Reputation: 97
Many previous questions highlight various ways to remove duplicate rows with missing values, however none deal with the following case. Example starting data:
df <- data.frame(x = c(1, NA, 1), y=c(NA, 1, 1), z=c(0, NA, NA))
print(df)
Desired output:
df2 <- data.frame(x = c(1, 1), y=c(NA, 1), z=c(0, NA))
print(df2)
In this case the second row was removed because it was a perfect subset of row 3. In the real application I want to remove rows that contain all redundant info in non-missing columns, and keep the row that has less missing overall.
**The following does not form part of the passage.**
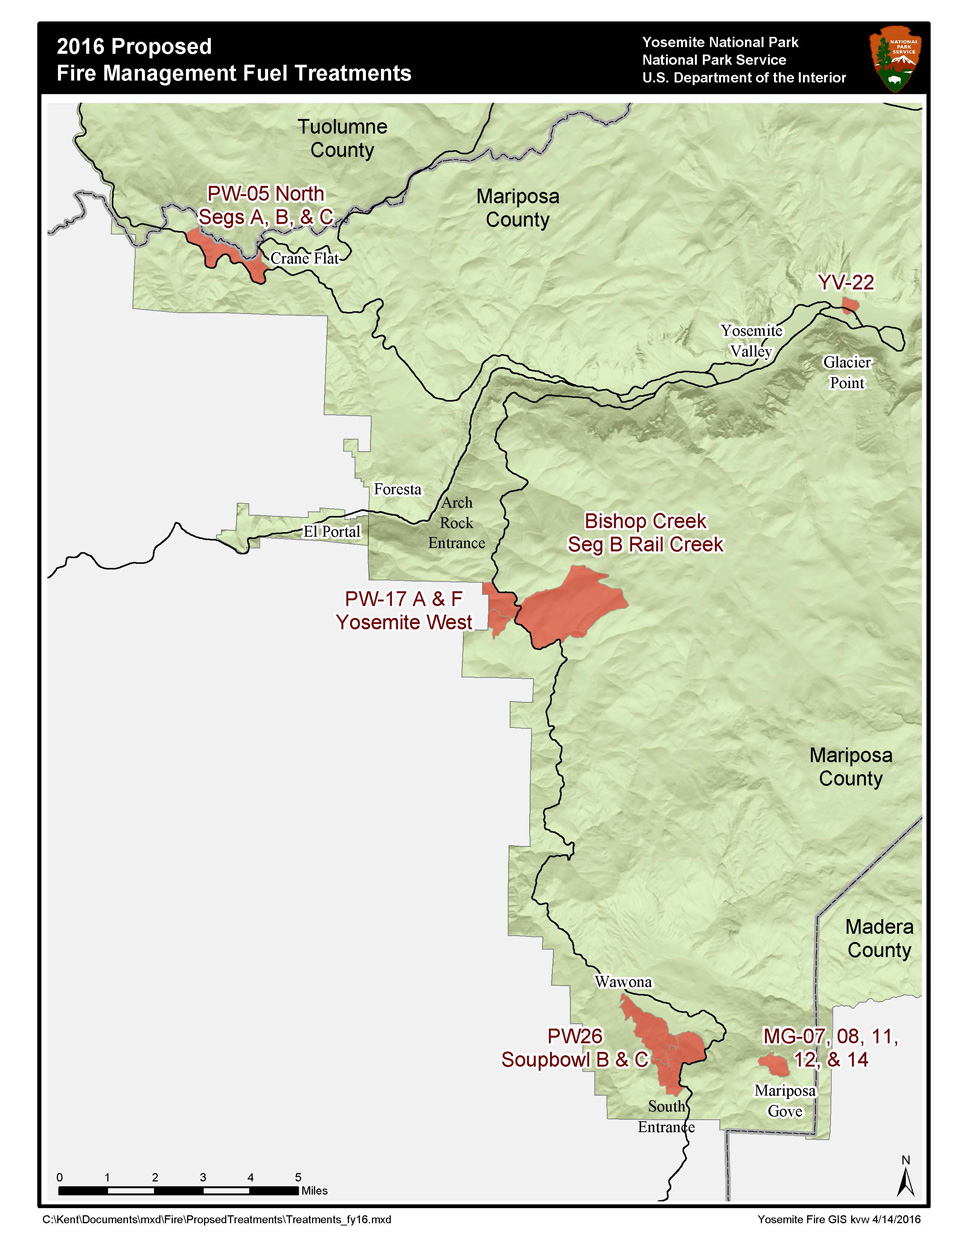 2016 proposed fire and fuels treatment map

I thought this might be accomplished using dplyr and a rowwise application of distinct(), but to no avail. I could do this with a very slow for loop, but with hundreds of columns and thousands of rows this is a poor option.
Upvotes: 3
Views: 208
Reputation: 25225
Here is another option using data.table
:
library(data.table)
#convert into long format and discard NAs
mDT <- melt(setDT(df)[, rn := .I], id.var="rn", na.rm=TRUE)[, cnt := .N , rn]
#self join and filter for rows that match to other rows
merged <- mDT[mDT, on=.(variable, value), {
diffrow <- i.rn!=x.rn
.(irn=i.rn[diffrow], xrn=x.rn[diffrow], icnt=i.cnt[diffrow])
}]
#count the occurrence and delete rows where all values are matched to another row
ix <- merged[, xcnt := .N, .(irn, xrn)][
icnt==xcnt]$irn
#delete dupe rows
df[-ix]
Upvotes: 1
Reputation: 5232
I'm not sure how to do it with dplyr, but here is soultion with loop. Also I'm not sure that dplyr solution can be faster than loop one (at the end it must use some loop), here you can at least control loop flow.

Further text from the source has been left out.